To track my machine learning experiments, I used tensorboard. Although, tensorboard is intuitive and easy to use, it relies on log files, that you have to load, to view the results and metrics of your training experiments. It would be more convenient to have a central dashboard for your experiments to have an overview of their comparison with each other.

Solution

With the ever-changing and evolving technology landscape, new tools have been created to supplement these changes. A decade ago, deep learning was unheard off, and remained a niche topic among researchers but now it has become a mainstream technology that every company seems to want to get a hand on. With this, new tools have been created for those creating these deep learning models.

Data Version Control

Data Version Control

Data Version Control is an open-source version control system specifically made for Machine Learning. Its aim is to make ML experiments reproducible by versioning the datasets and artifacts of your experiments. It is built to handle the large files that compose a machine learning project and can integrate seamlessly with git and a variety of remote or local storages.

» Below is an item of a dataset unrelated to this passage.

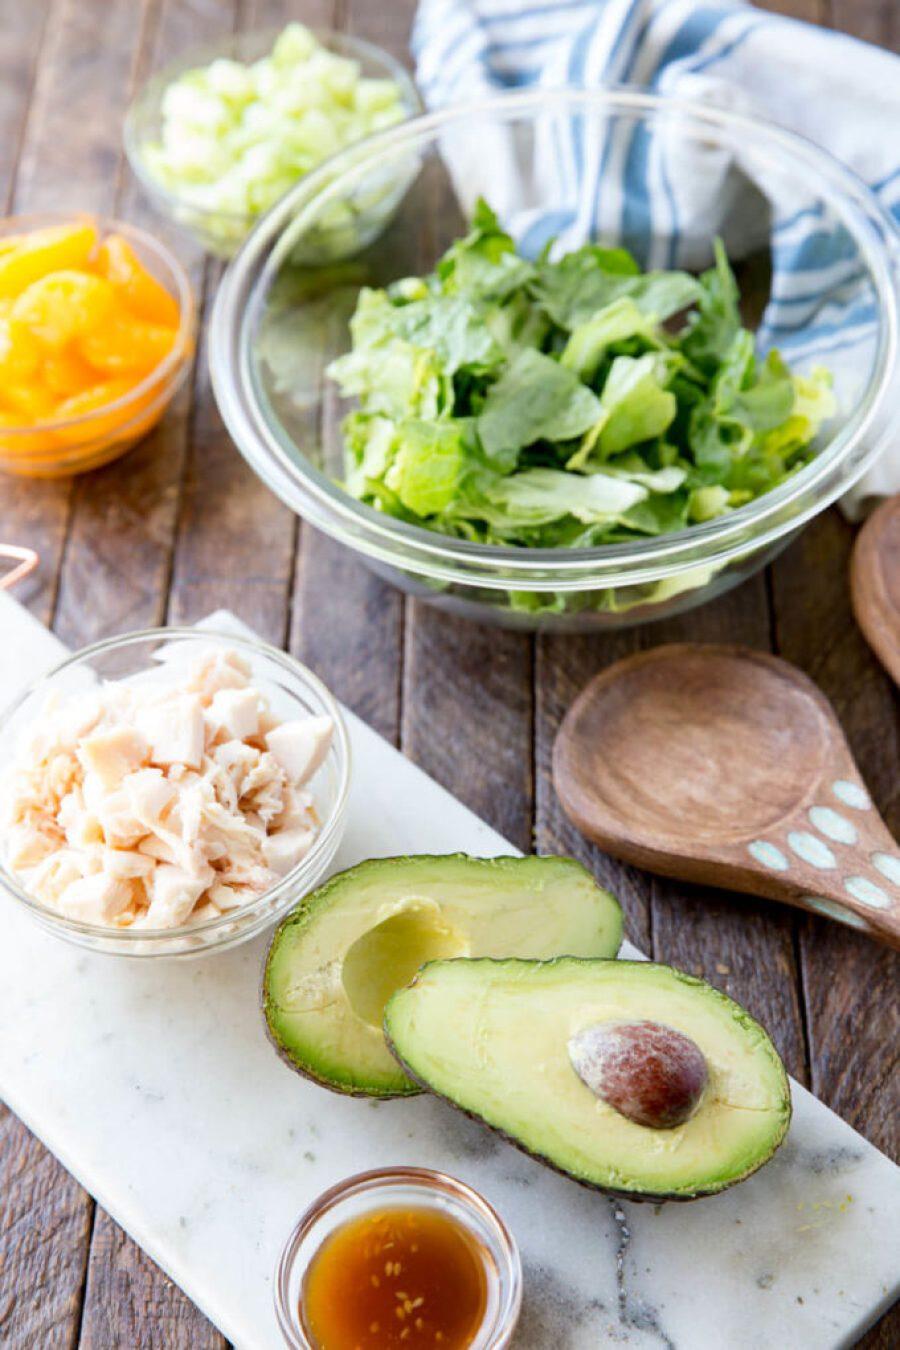 Avocado sesame ginger chicken salad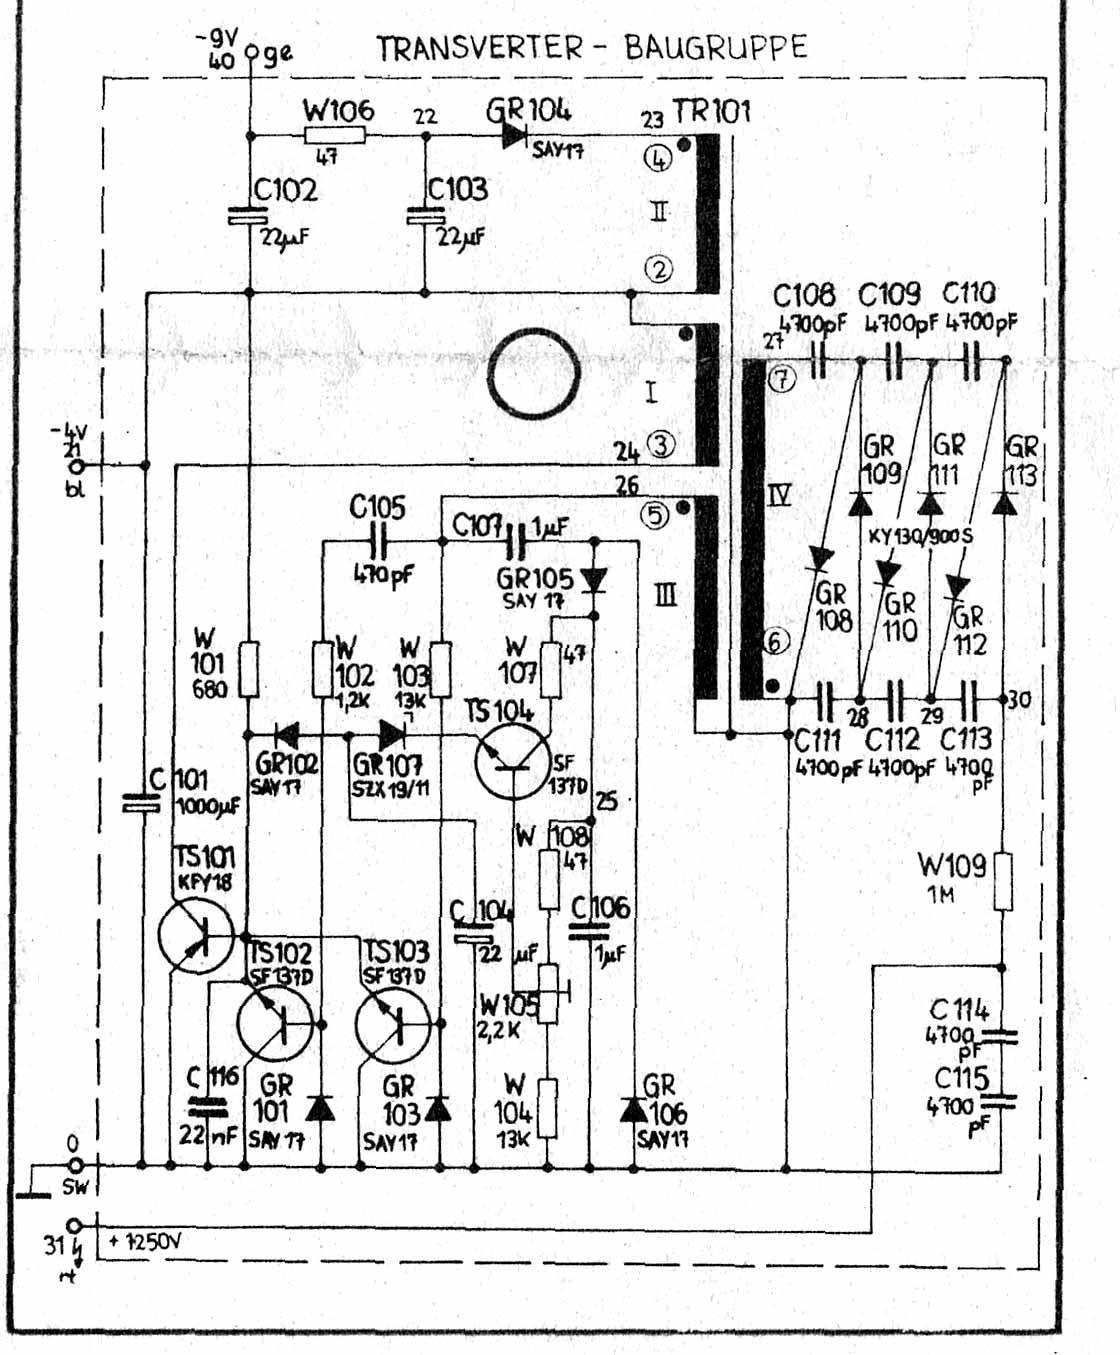 Schema Elettrico Inverter : Schema elettrico inverter saldatrice

As stated in their website, “DVC guarantees that all files and metrics will be consistent and in the right place to reproduce the experiment or use it as a baseline for a new iteration.”

Weights and Biases

Weights and Biases

Weights and Biases is a machine learning experiment tracking system that helps data science and machine learning teams track their training expermients and visualize model performance. It is built to be framework agnostic, meaning it can integrate with any framework. In addition, you can log and explore just about anything in your experiment, from logging hyperparameters to visualizing the gradients of your model. It also, has a nice feature of creating your own graphs in the dashboard to visually compare your models better.

Installation

Data Version Control

For more information, visit https://dvc.org/doc/install. In this section, I will lay out the steps I used for installing dvc on my Linux machine.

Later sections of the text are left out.